= Exercise =
Drop every image, then reproduce the data exactly as given.

---- Given data

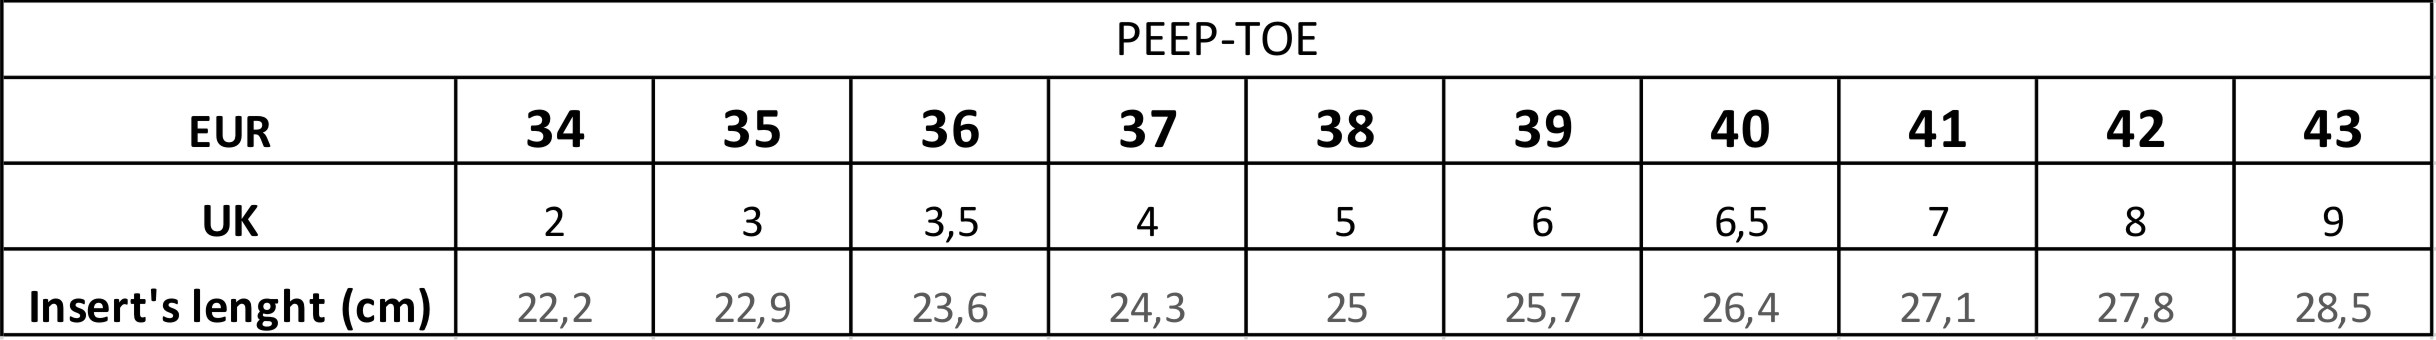 peep toe table
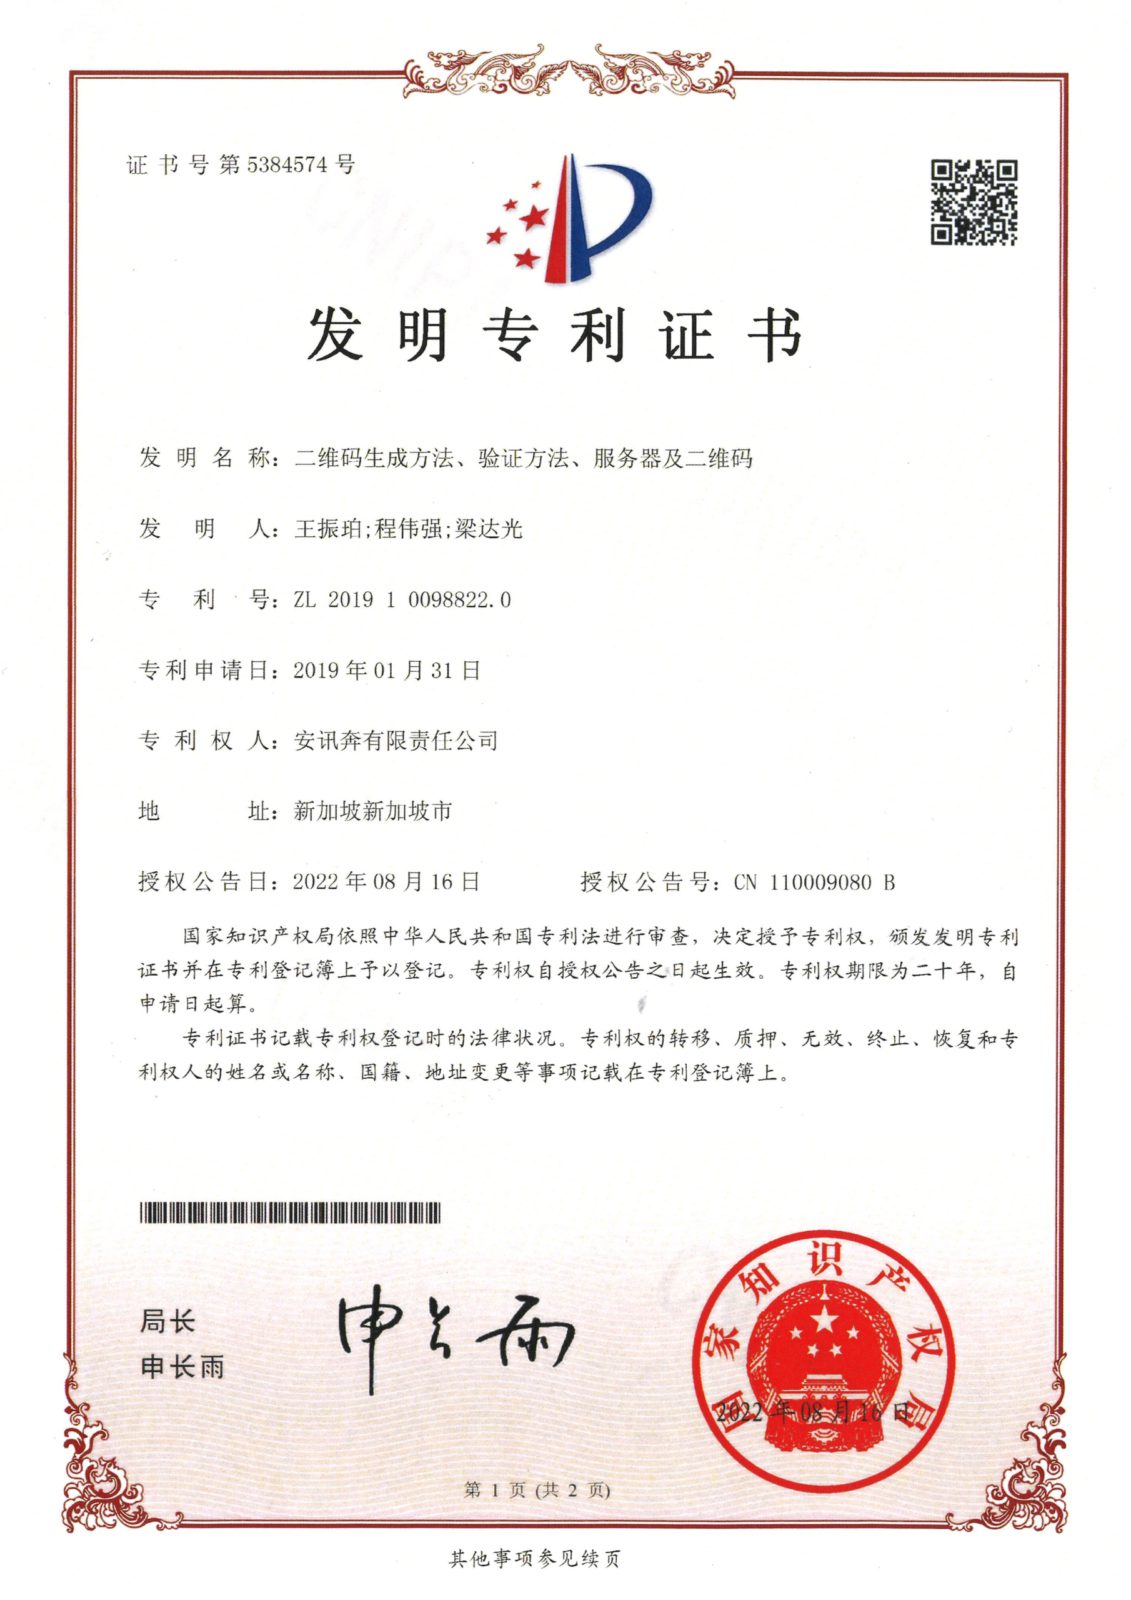 CN Patent Certificate
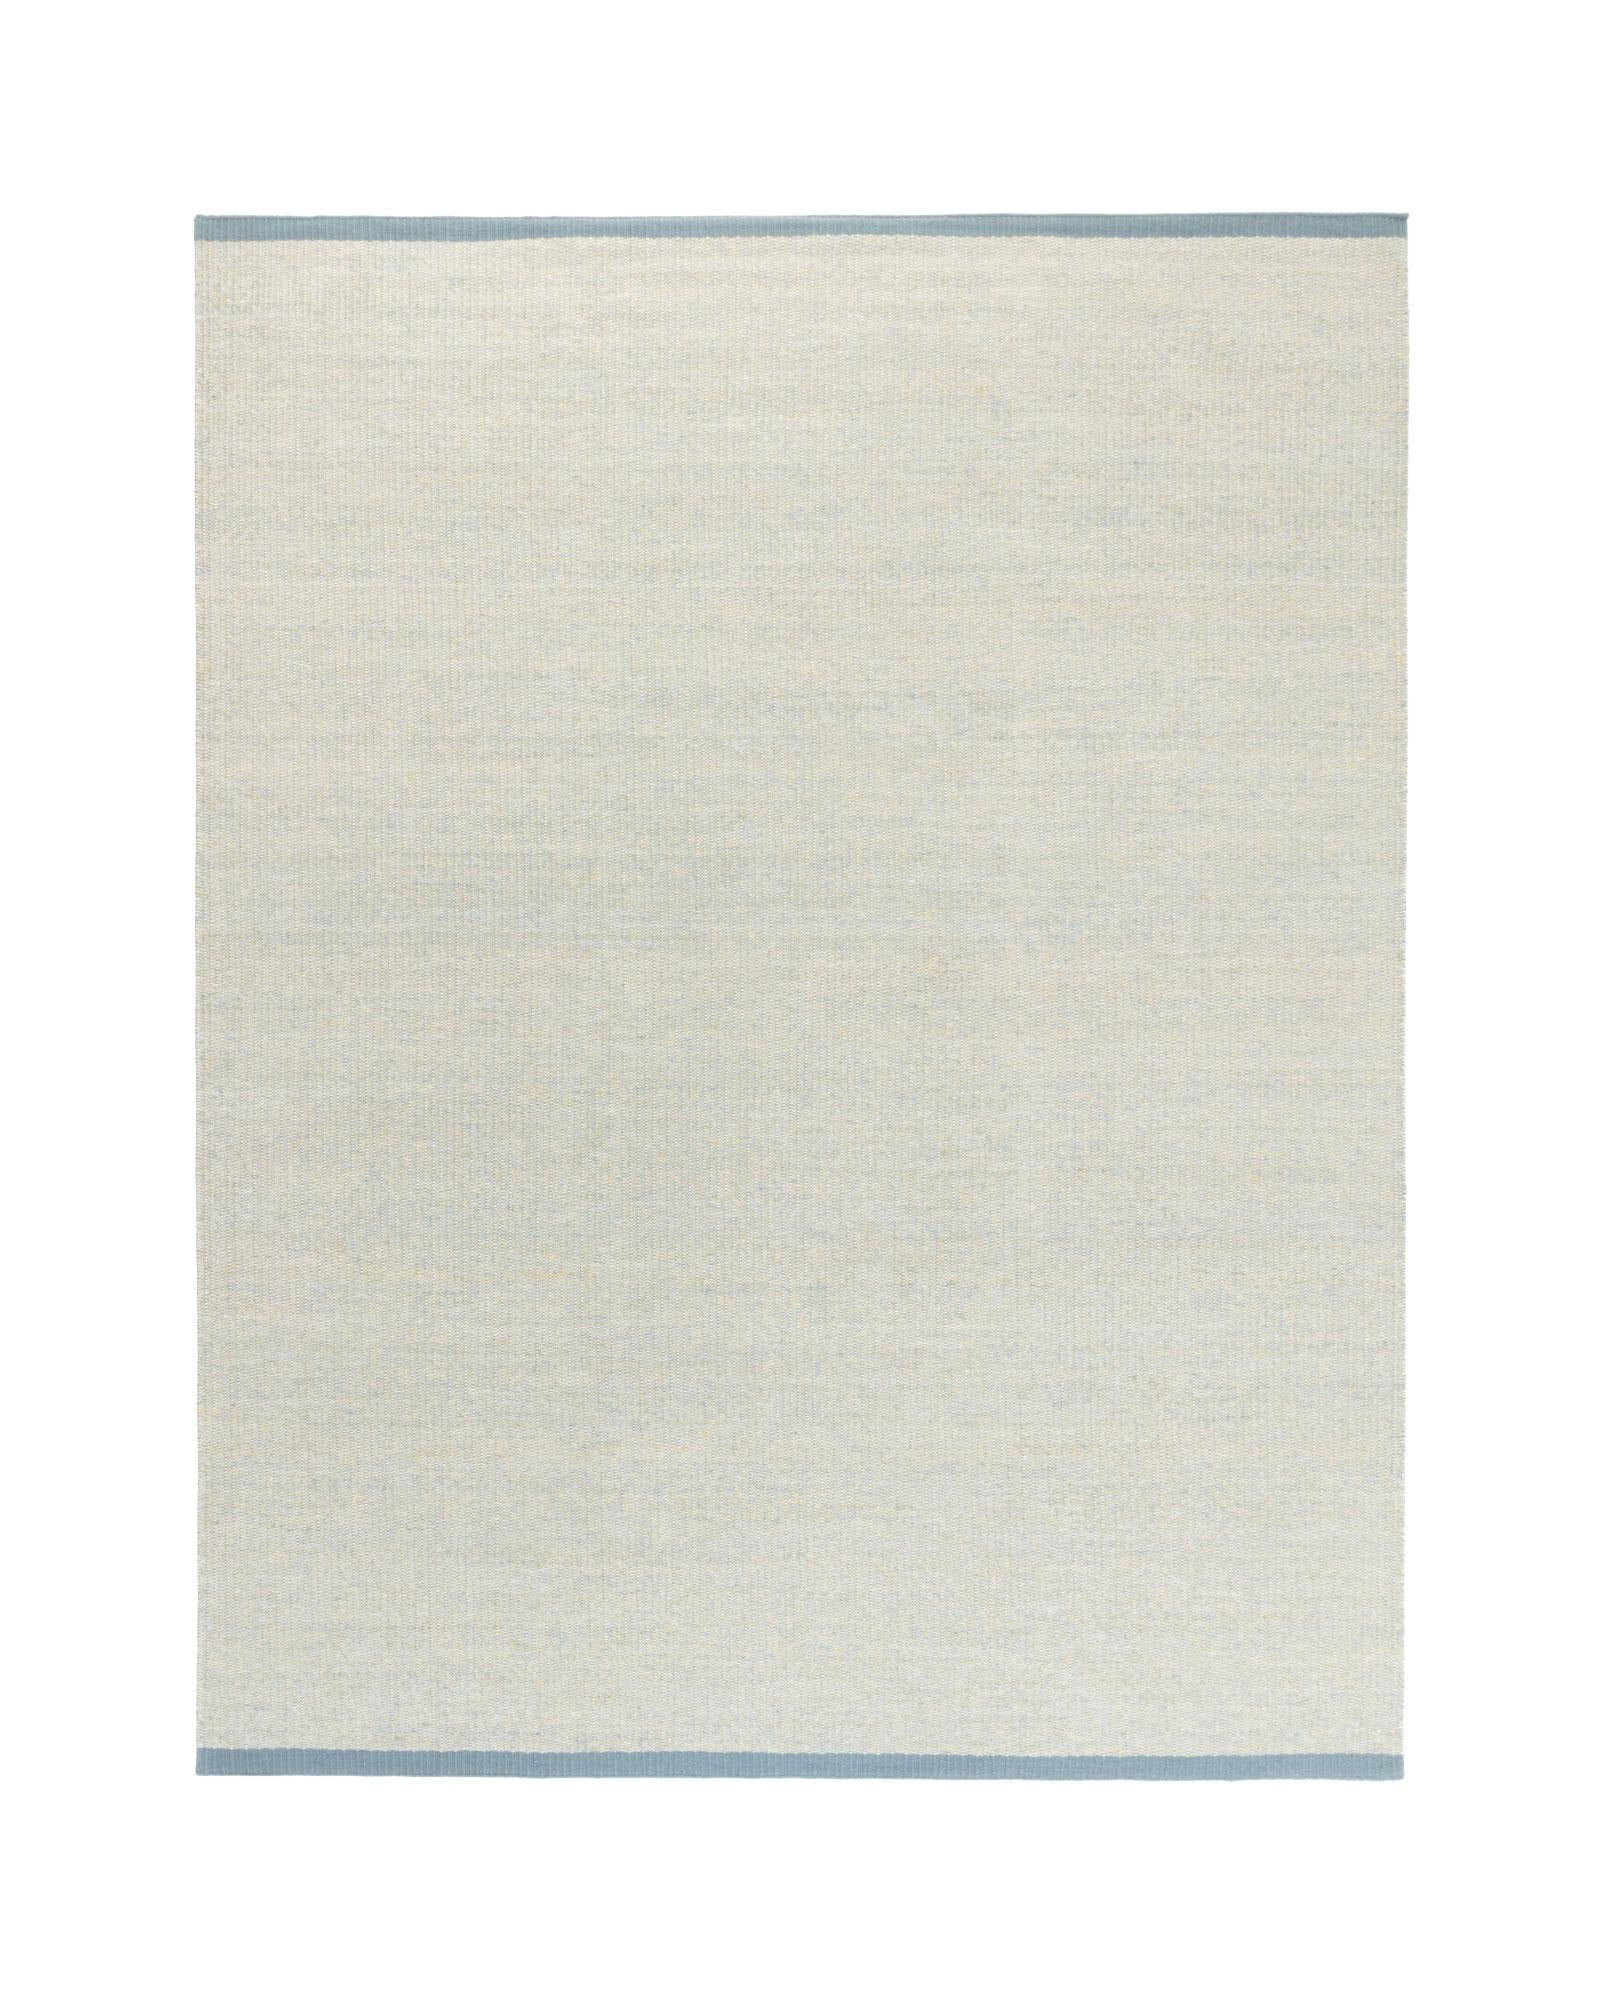 Sky est un tapis produit par la marque cc-tapis. Le tapis Sky fait partie de la Collection S et est composé à 100 % de laine, ce qui lui confère un toucher doux.

Le tapis Sky est disponible en deux couleurs et constitue une combinaison parfaite

--------

= Finished exercise =
 peep toe table
 CN Patent Certificate
 Sky est un tapis produit par la marque cc-tapis. Le tapis Sky fait partie de la Collection S et est composé à 100 % de laine, ce qui lui confère un toucher doux.

Le tapis Sky est disponible en deux couleurs et constitue une combinaison parfaite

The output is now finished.